The CEL didn’t not turn off on re-start of the car, but when I read the codes, P0011 had gone, I was left only with P0550 (my next investigation – power steering!) so I’m not overly concerned about that, one thing at a time, I think it’s positive that it removed P0011 on its own.

It has previously taken about 6 days between resetting the codes to them popping back up, so I guess a waiting game now to see how it goes. It felt fine on a quick test, but time will tell the eventual result one way or the other.

Thanks for your help so far, it’s been great to get some insight and advise. I’ll update if anything changes, or if it stays well, fingers crossed.

Thanks,

Mike


----------



## quadraria10 (Jul 6, 2010)

Glad you got then installed so easily. As you mention you need to be a bit of a contortionist for the crankshaft sensor, and it probably helps to be thin and tall lol.
Codes related to the sensors usually disappear after you replace the sensor-- did so on mine for the crankshaft sensor and an O2 sensor. I am sure you have solved that issue.
Now of course its tracking down the issue with the power steering. I haven't heard of many problems relating to it, but unless you have a problem with a leak, or fluid, it could be a sensor once again.
Quick check shows this to be the part number.

49763-6N20A Power Steering Pressure Sensor Assembly

Once again this is a part that was used on other Nissan and Infiniti models, and even if the X trail does not show in some part listings its mainly because it does not exist in American data bases as it was never sold there. So if you need to buy this sensor widen your search abit as the price difference can be 4 or 5 times the price or more. On rock auto their options are all around $140 or so, Amazon shows it at 100+ and they also sell aftermarket ones for $17 + shipping. 

And while this is for a 2004, it should be similar and help you 
https://ownersmanuals2.com/nissan/x-trail-2004-repair-manual-power-steering-system-section-ps-38695

Good luck with it.


----------



## quadraria10 (Jul 6, 2010)

Just to confirm the part number above is the correct one for your X trail, and 49763-6N20A is as well for both Nissan and Infiniti parts

http://nissan4u.com/parts/info/497636N200/ 

here is the diagram
http://nissan4u.com/parts/x_trail/e...ing_and_power_steering_piping/illustration_1/

Because it was used in so many models, and it is so rare to hear about problems with it, in your shoes if I have access to a pick and pull yard or a scrap yard, I would find a used one.

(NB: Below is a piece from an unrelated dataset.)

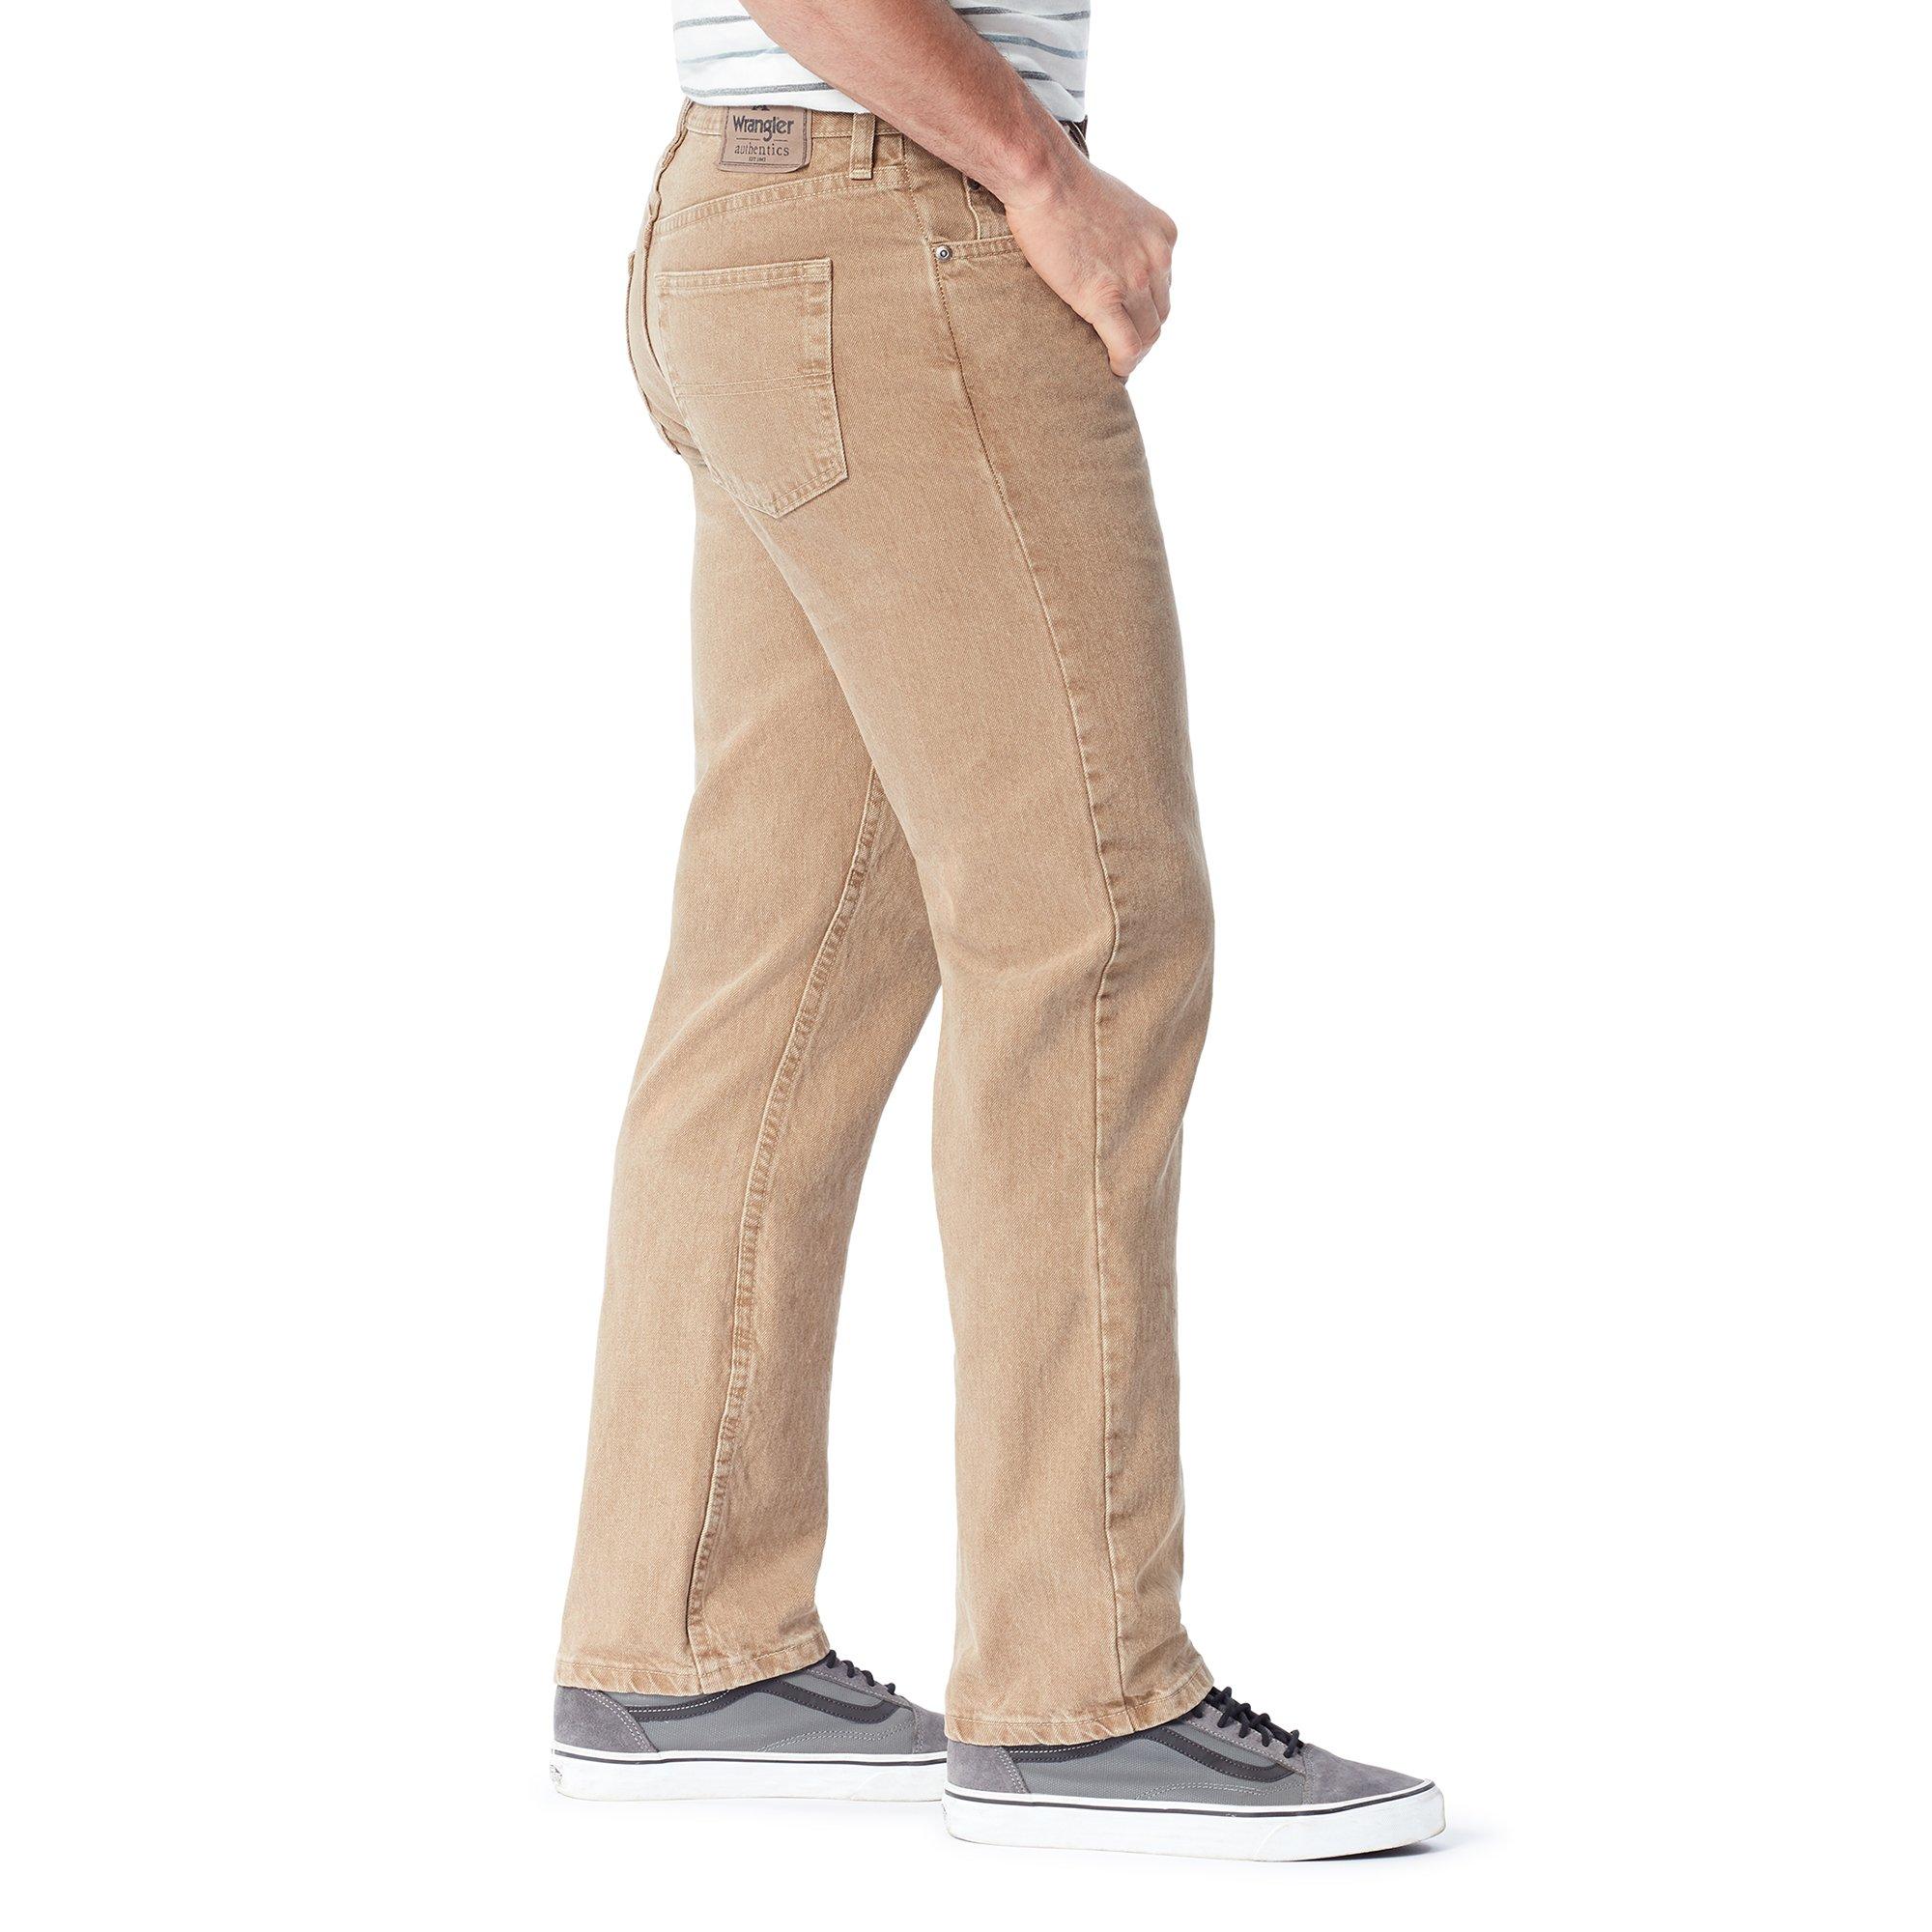 ba8b4e97 Wrangler Authentics Men's Classic 5-Pocket Regular Fit Jean,Khaki,42x28 -  ZM100KH-289-42x28 < Jeans < Clothing, Shoes & Jewelry - tibs

In my neck of the world that would cost something like $6. But that said, I suspect the problem might well not be the sensor.


----------



## Mike99295 (Mar 21, 2019)

Once again, many thanks for the prompt reply and helpful info!

The fluid level is a tad under, I did notice this a few weeks back, but decided to prioritise the other code. It doesn't seem to be leaking, and the fluid level - although low (by maybe 8-9mm from the min level) hasn't really changed in the last few weeks. Maybe it wasn't properly filled after some previous work and I've just never noticed to be fair. I am going to top it up and monitor it, see if the increase in level removes the code.

If it looses any more fluid, or the code returns, I'll follow the suitable route - depending on which one it does!


----------



## quadraria10 (Jul 6, 2010)

Well, you could always try to do the turkey baster drain and fill to get as much new fluid in it as you can. You can use transmission Fluid that is compatible with Nissan Matic D. I used Castrol Multi for Japanese vehicles. Good luck with it.


----------



## Mike99295 (Mar 21, 2019)

Well, it was looking good!

Six days, but I've just plugged it and P0011 has reappeared as a pending code. No dash lights as of yet, but my heart still dropped!

I'm assuming that at some point it'll crop back up as a valid fault. I only checked because when I started it up today it felt a tad... I don't know, not 100%, although nothing I could put my finger on and say there was certainly anything wrong. It drove alright, but to be fair it did that with the code anyways.


----------